Good Samaritan or Ripped Off?

258As my husband and I were coming out of the church driveway yesterday, we spotted a woman standing next to the road. She held an unfolded sign which said “Abandoned wife, needs rent money, disabled.” She was very disheveled looking. For safety’s sake, we had to drive past her on the way out, but my husband drove the car around and went back to speak to her. He asked if she had gone up to the church to talk to the priest, and she said that she was waiting for a ride. He gave her some money.

We drove back up the driveway, and went inside the church. My husband told the priest about the woman. The priest replied, “Again?!”

I asked, “Does she really need help, or is she just collecting money?”

The priest said that he didn’t know.

As my husband and I left the church again, the woman was gone. We spotted her a minute later walking down the road; her sign had been folded up and put back into her pocket.

These are the kinds of things we come across in the “real world.” Part of us wants to help, part of us is afraid of being ripped off. Also, we wonder, “doesn’t she have social security or something?” We really don’t like to “get our hands dirty.”

I think in some cases, it’s best to pray and go with your gut. We both felt strongly about helping this woman. It wasn’t a real estate scam or a ponzi scheme.
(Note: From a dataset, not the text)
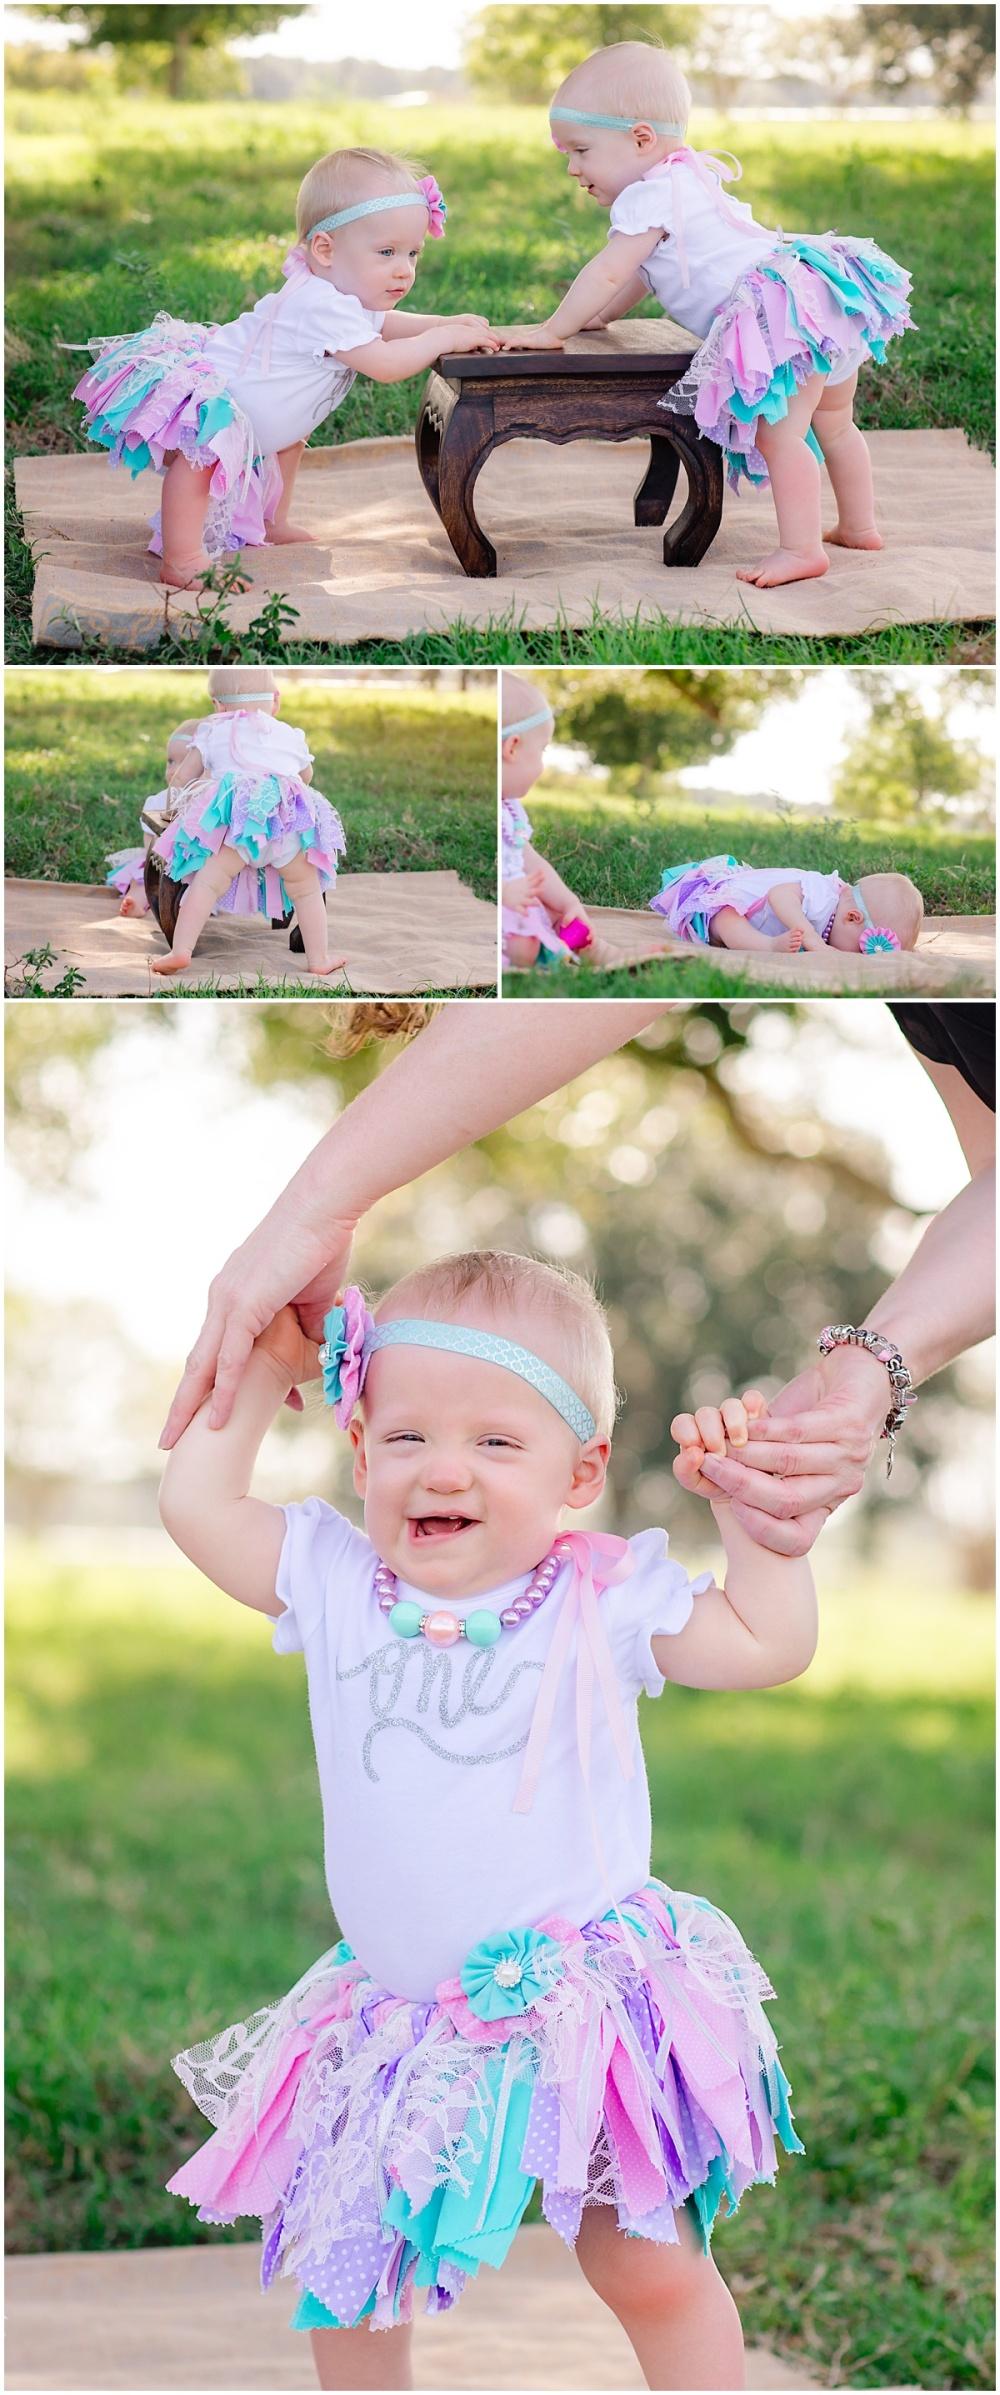 Family-Children-Portraits-Cake-Smash-Photos-San-Antonio-Hill-Country-Texas-Carly-Barton-Photography_0007.jpg

I think sometimes as Americans, we like to keep our distance. We stretch outside of our comfort zones when we help someone outside of our family.

I guess if I had it to do over again, I would have asked if she wanted a ride up the driveway to the church, and brought her in out of the cold and then see if we could do something to help her on a long-term basis.

Is our fear of being ripped off greater than our fear of obeying God?